- HOW TO COMPLETE THIS TASK: Whenever a line of the material contains the string "model", it should be copied.

- DATA FOR THIS EXERCISE:
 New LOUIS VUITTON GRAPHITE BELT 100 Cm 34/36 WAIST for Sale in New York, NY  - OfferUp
==
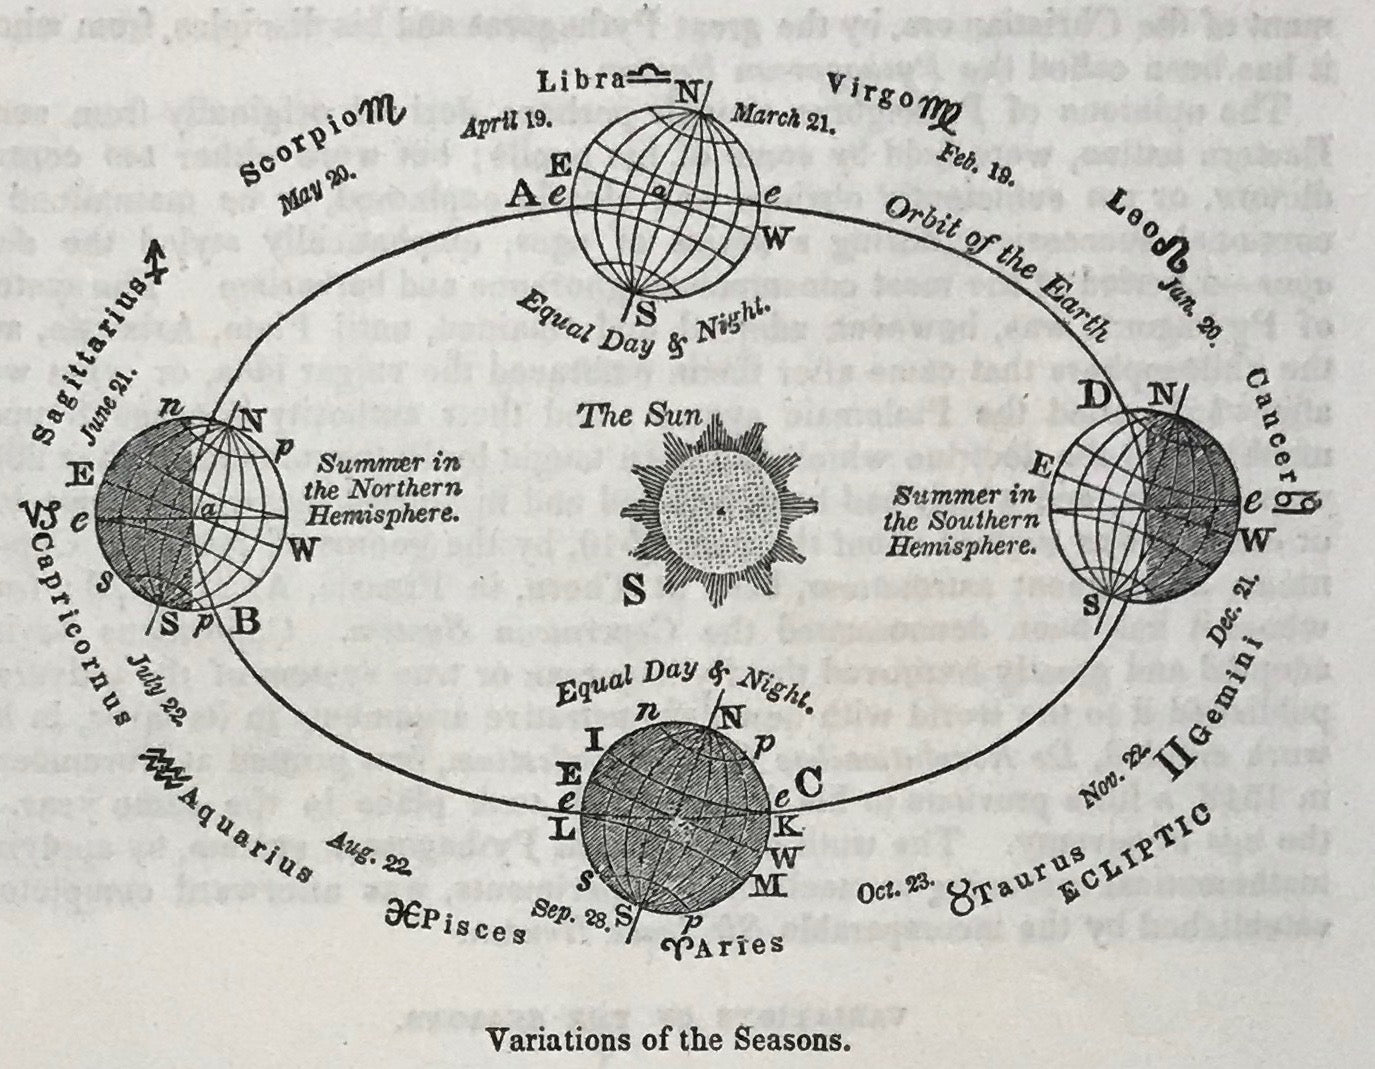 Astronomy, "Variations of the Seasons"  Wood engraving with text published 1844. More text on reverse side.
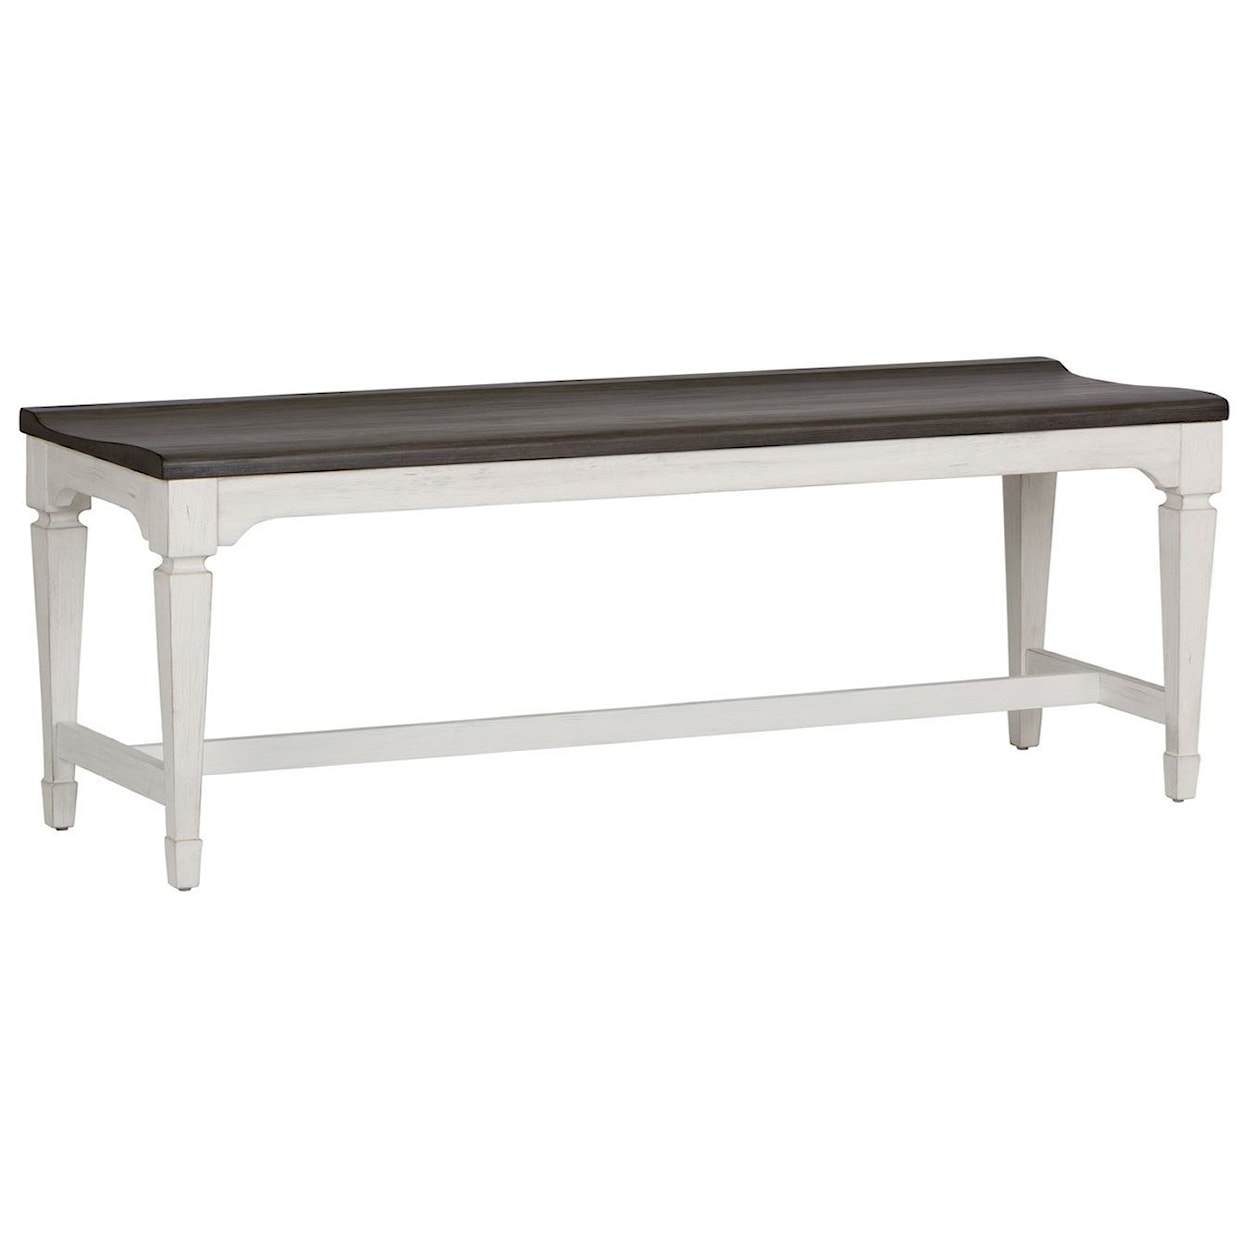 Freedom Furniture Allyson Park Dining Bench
--
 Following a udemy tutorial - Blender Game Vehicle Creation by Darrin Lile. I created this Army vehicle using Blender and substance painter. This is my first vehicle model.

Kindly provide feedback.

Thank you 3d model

- ANSWER TO THIS TASK:
 Following a udemy tutorial - Blender Game Vehicle Creation by Darrin Lile. I created this Army vehicle using Blender and substance painter. This is my first vehicle model.
Thank you 3d model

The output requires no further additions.